All of the data should be restated word for word, with the pictures omitted.

· · · · · · ·

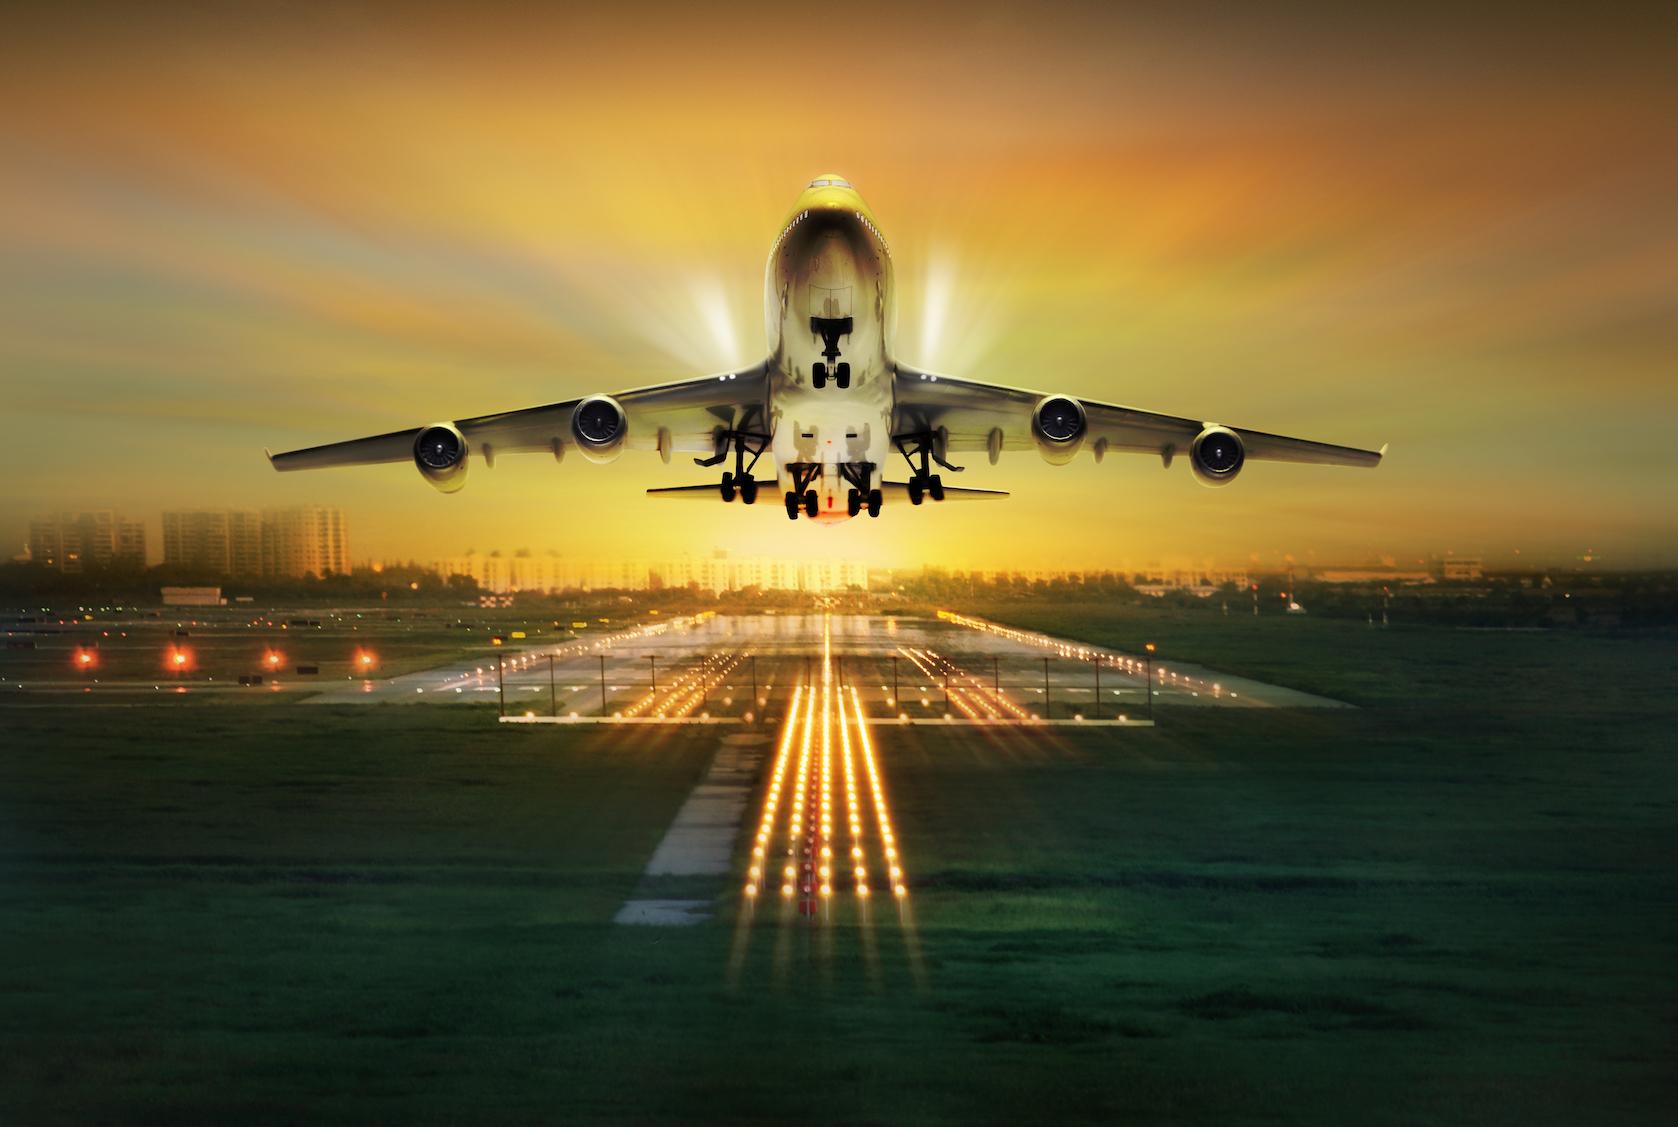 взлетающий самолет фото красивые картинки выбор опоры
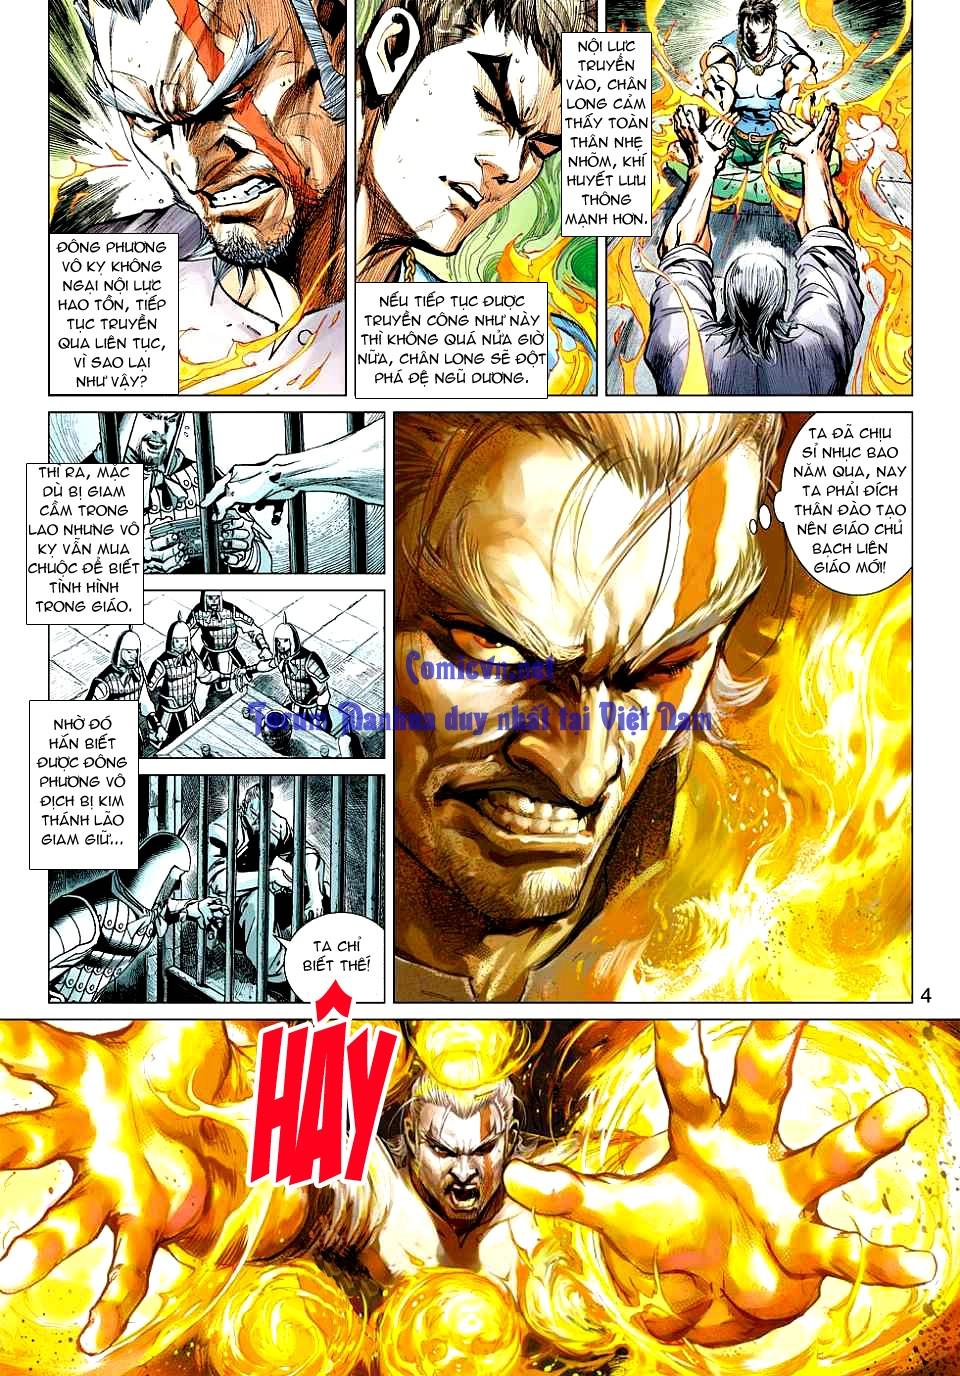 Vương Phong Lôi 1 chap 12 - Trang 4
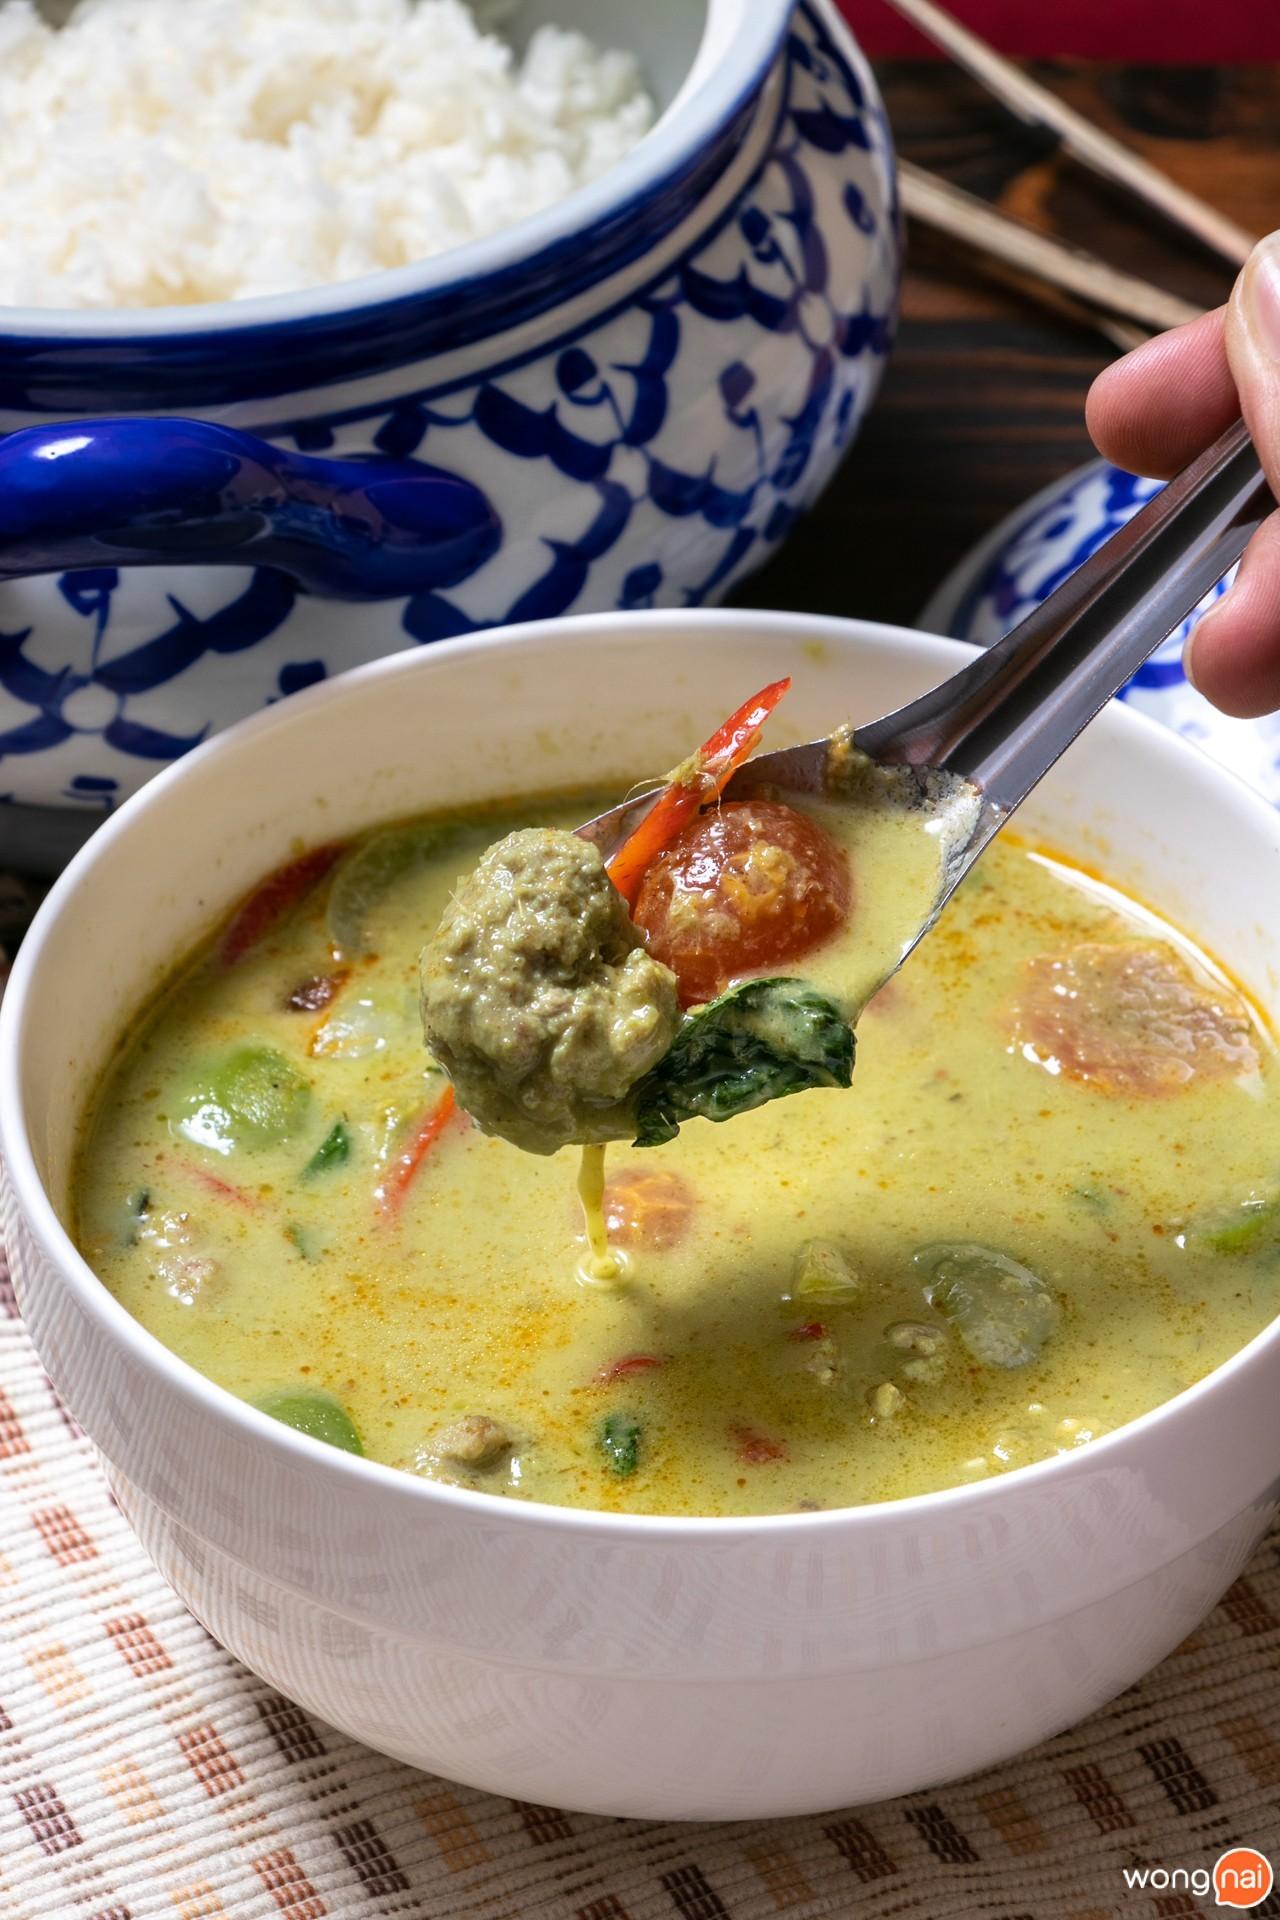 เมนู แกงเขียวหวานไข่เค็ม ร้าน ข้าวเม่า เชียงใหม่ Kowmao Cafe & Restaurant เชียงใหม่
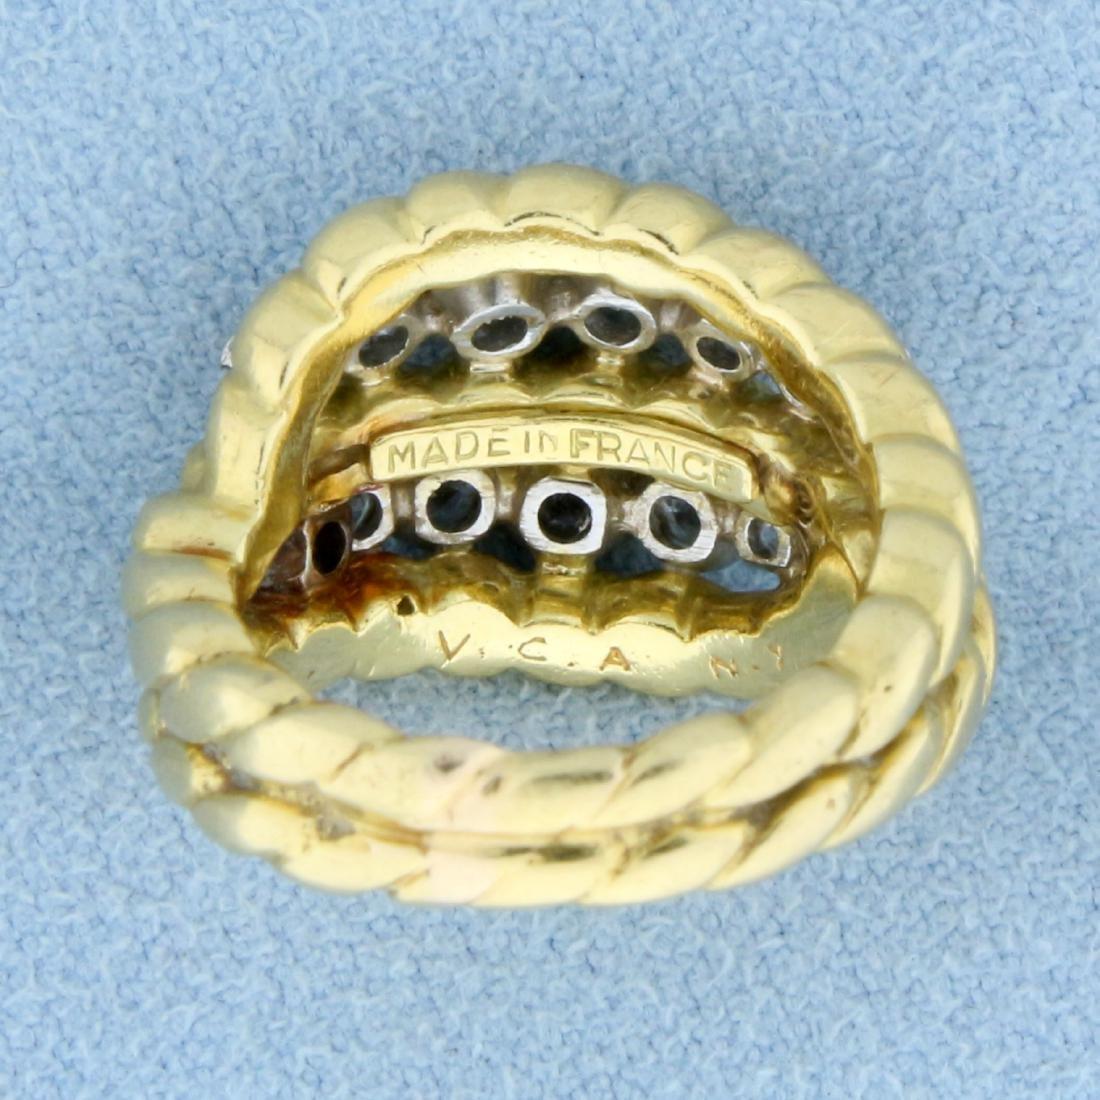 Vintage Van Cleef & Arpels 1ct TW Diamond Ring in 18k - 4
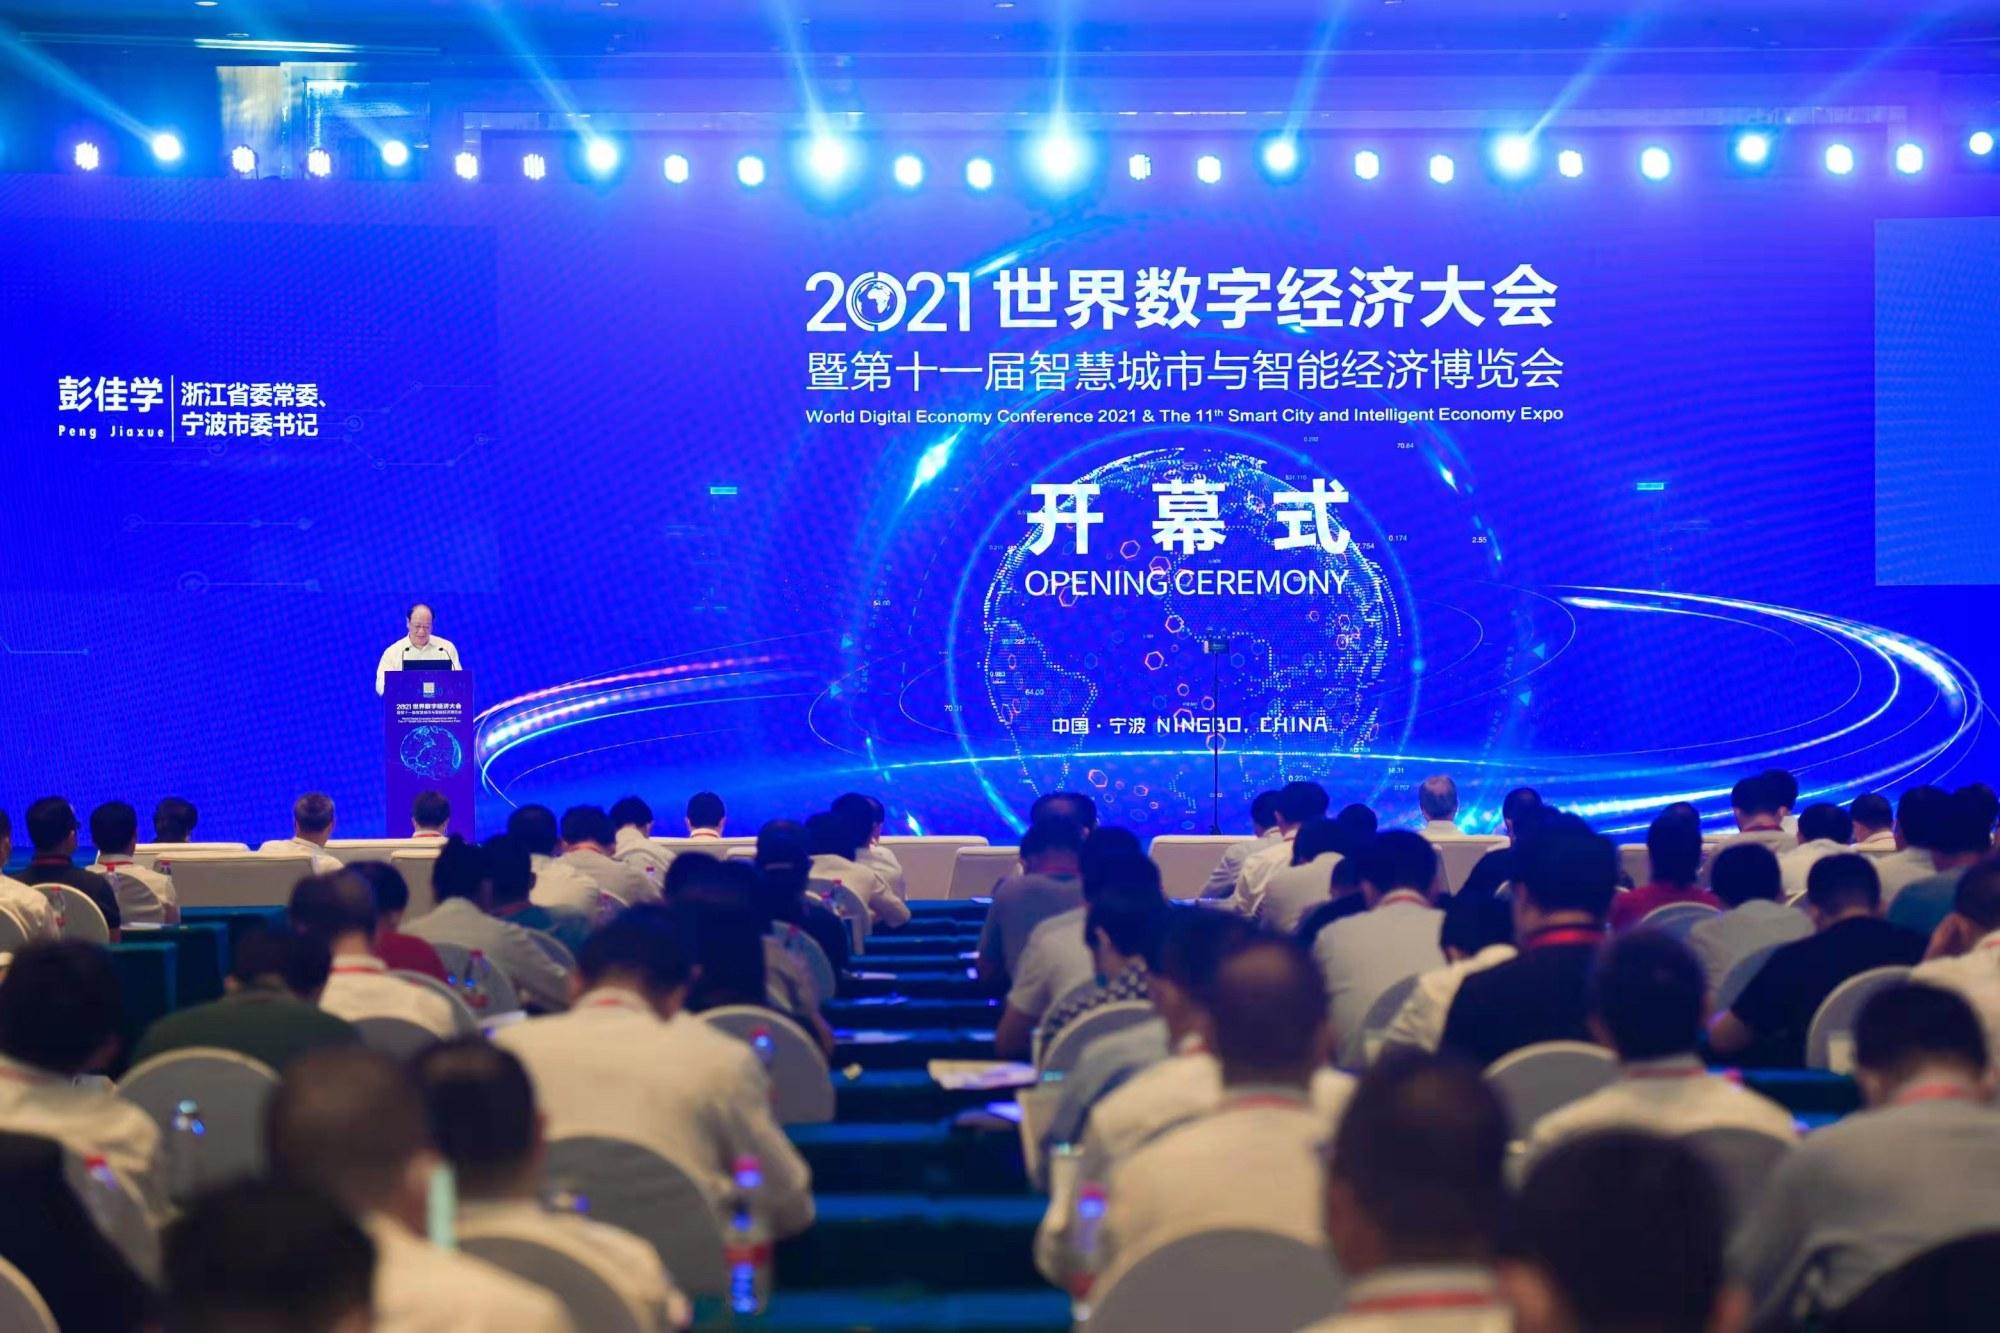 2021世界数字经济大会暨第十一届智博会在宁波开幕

· · · · · · ·

= The answer =
 взлетающий самолет фото красивые картинки выбор опоры
 Vương Phong Lôi 1 chap 12 - Trang 4
 เมนู แกงเขียวหวานไข่เค็ม ร้าน ข้าวเม่า เชียงใหม่ Kowmao Cafe & Restaurant เชียงใหม่
 Vintage Van Cleef & Arpels 1ct TW Diamond Ring in 18k - 4
 2021世界数字经济大会暨第十一届智博会在宁波开幕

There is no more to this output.